Sent from my Sprint Samsung Galaxy S4 using Ohub Campfire mobile app


----------



## Dan44149 (Apr 12, 2011)

That's good news! Hope they learned from it.


----------



## anglermama (Mar 12, 2010)

The rescuers were over taken with water too! Crazy! Glad they are all safe!!


----------



## fishfray (Jul 19, 2012)

They were not trying to kayak fish were they? That would be a mistake. Glad to hear that they are ok.


----------



## bassmaster419 (Aug 11, 2013)

Goes to show how rough the mighty maumee can be glad everyone is safe 

Sent from my SCH-I500 using Ohub Campfire mobile app


----------



## KaGee (Sep 8, 2006)

anglermama said:


> The rescuers were over taken with water too! Crazy!

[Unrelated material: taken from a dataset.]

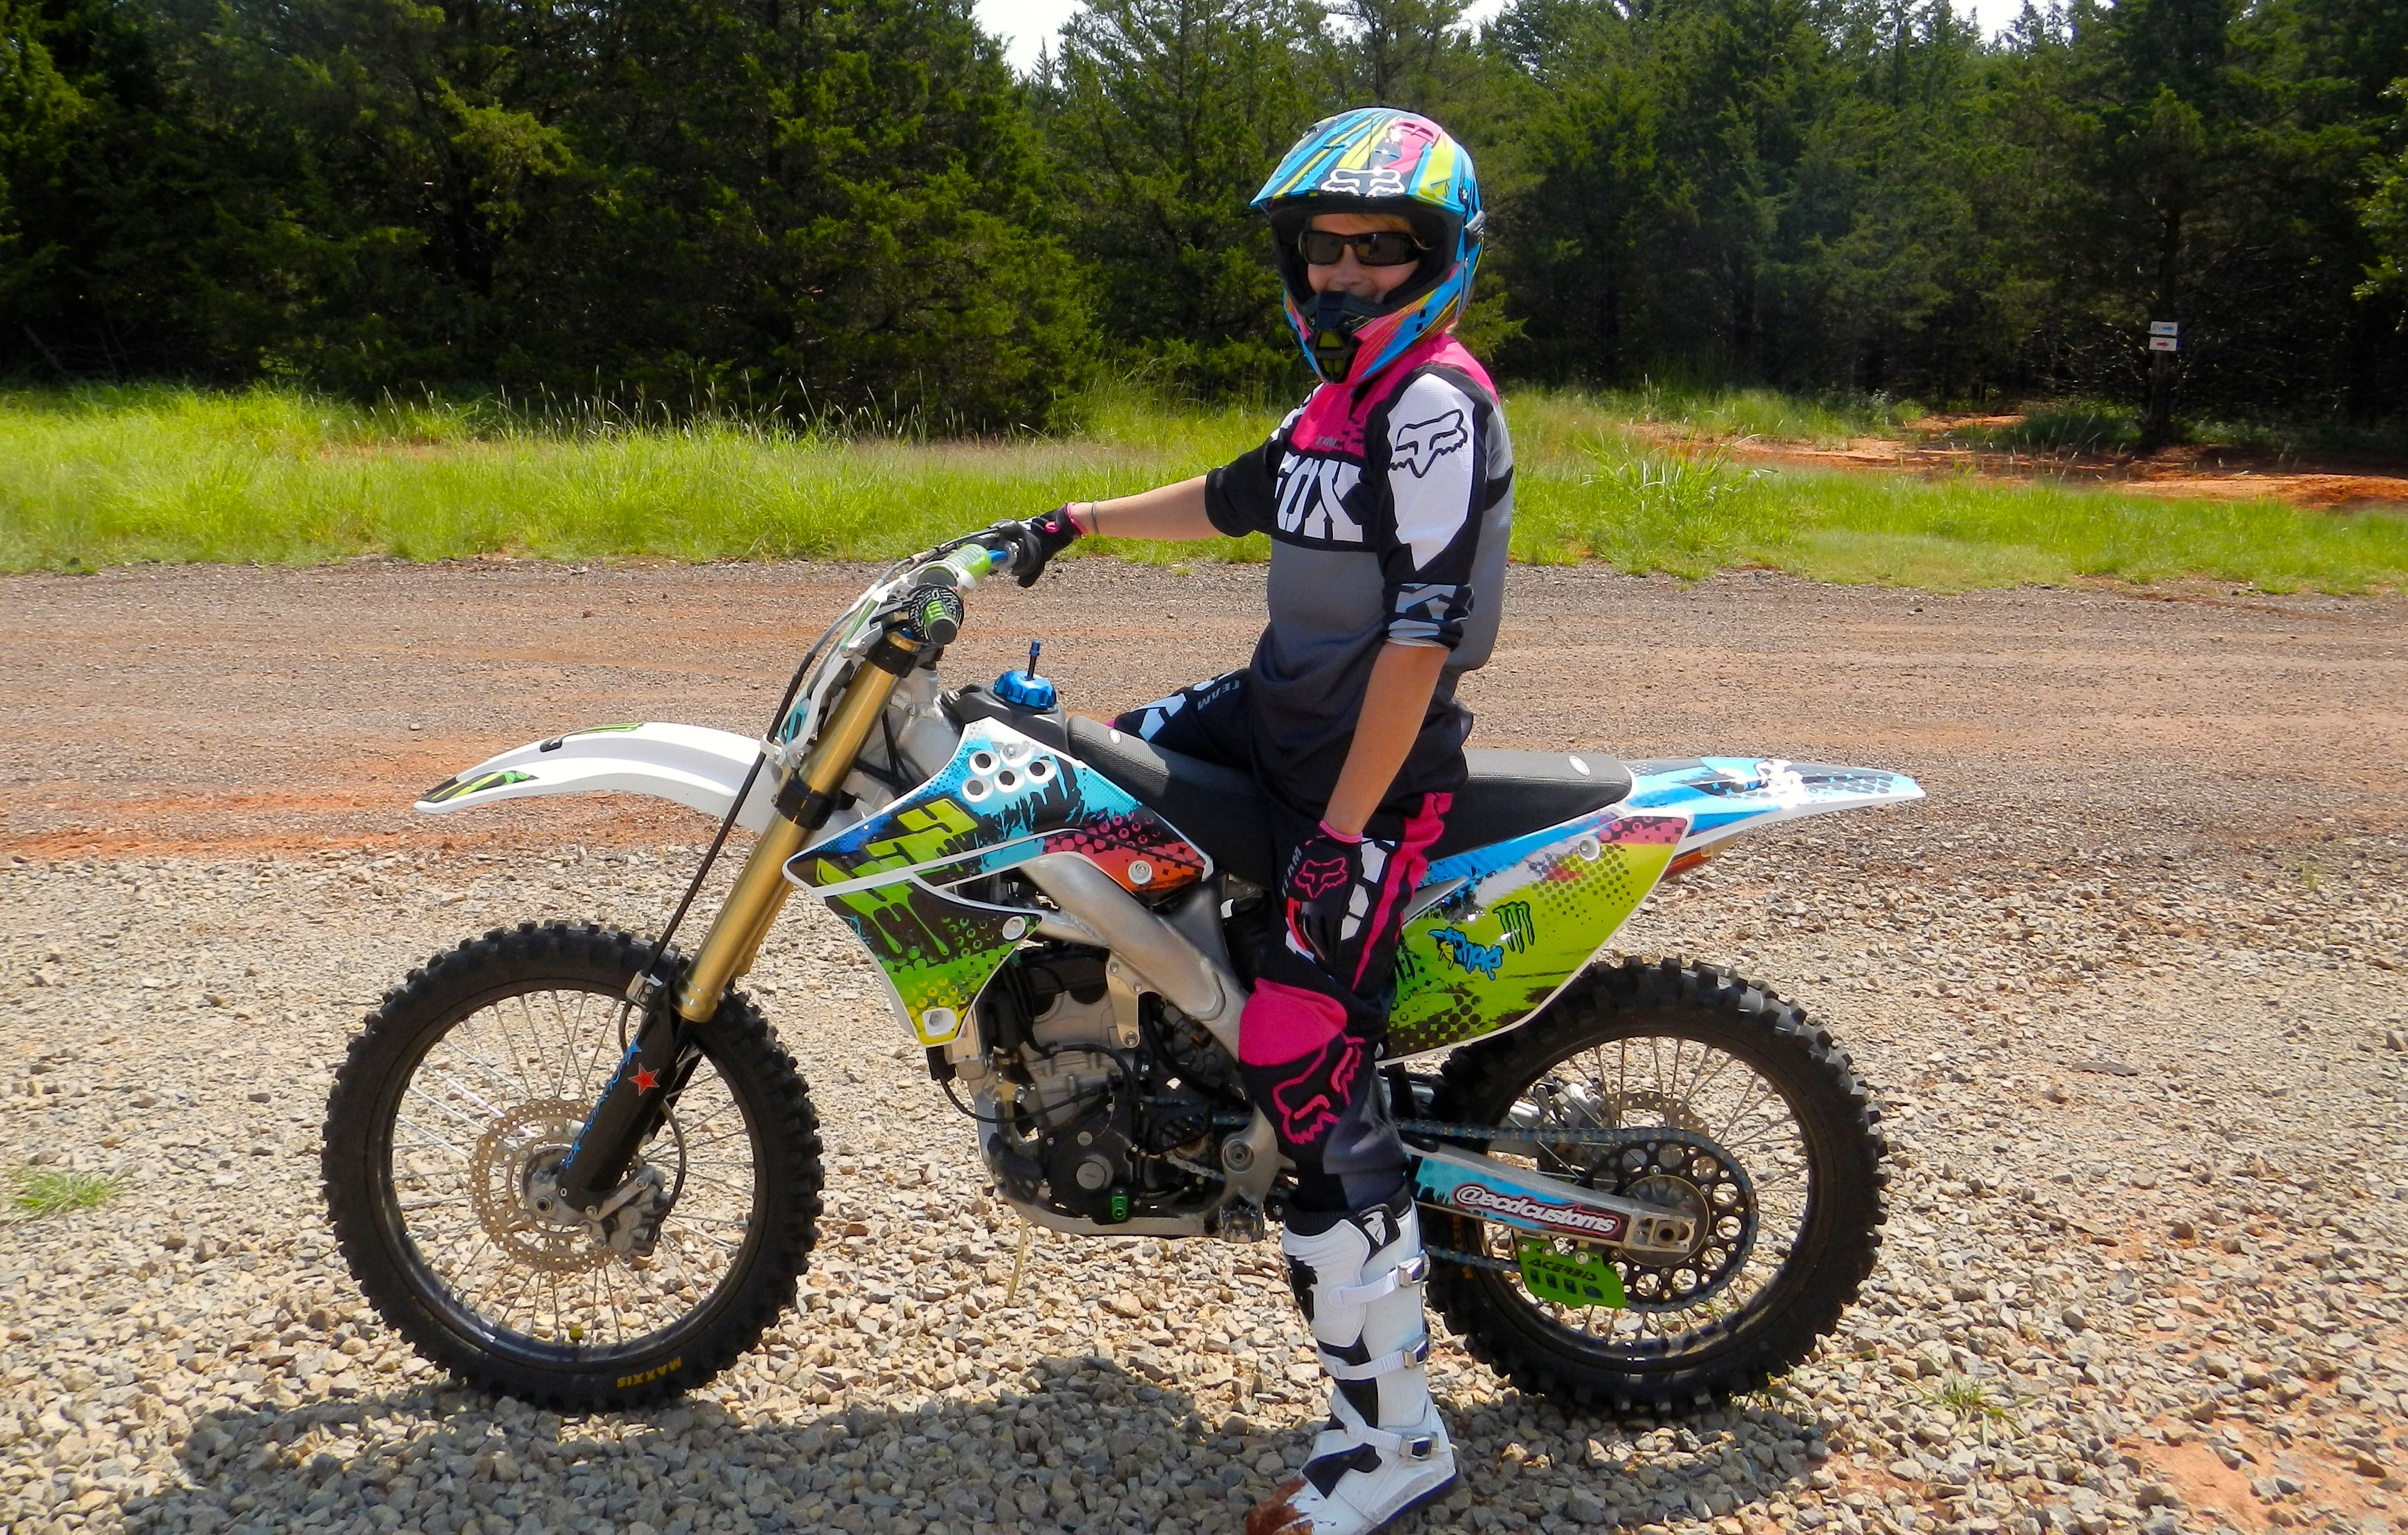 Amazoncom: girls dirt bike

Glad they are all safe!!


That's what folks do not take into account... others lives could be on the line too.

Sent from my Sprint Samsung Galaxy S4 using Ohub Campfire mobile app


----------



## anglermama (Mar 12, 2010)

fishfray said:


> They were not trying to kayak fish were they? That would be a mistake. Glad to hear that they are ok.


I do not believe they were. From the sounds of the news accounts, this happened around dagger rapids. (and I could be wrong about that) We have flipped canoes there when the river is summer low. Never would I take the canoe or yak out with the river this high. Scary stuff!


----------



## michael1303 (Jan 20, 2014)

There was a thing on the radio about the skeleton you found.


----------



## KaGee (Sep 8, 2006)

*Water rescue on Maumee River*
Posted: Apr 12, 2014 5:51 PM EST Updated: Apr 12, 2014 6:37 PM EST

Crews rushed to the Maumee River to make a rescue Saturday.

At least one kayak flipped near Jerome and River Roads sending two people into the water.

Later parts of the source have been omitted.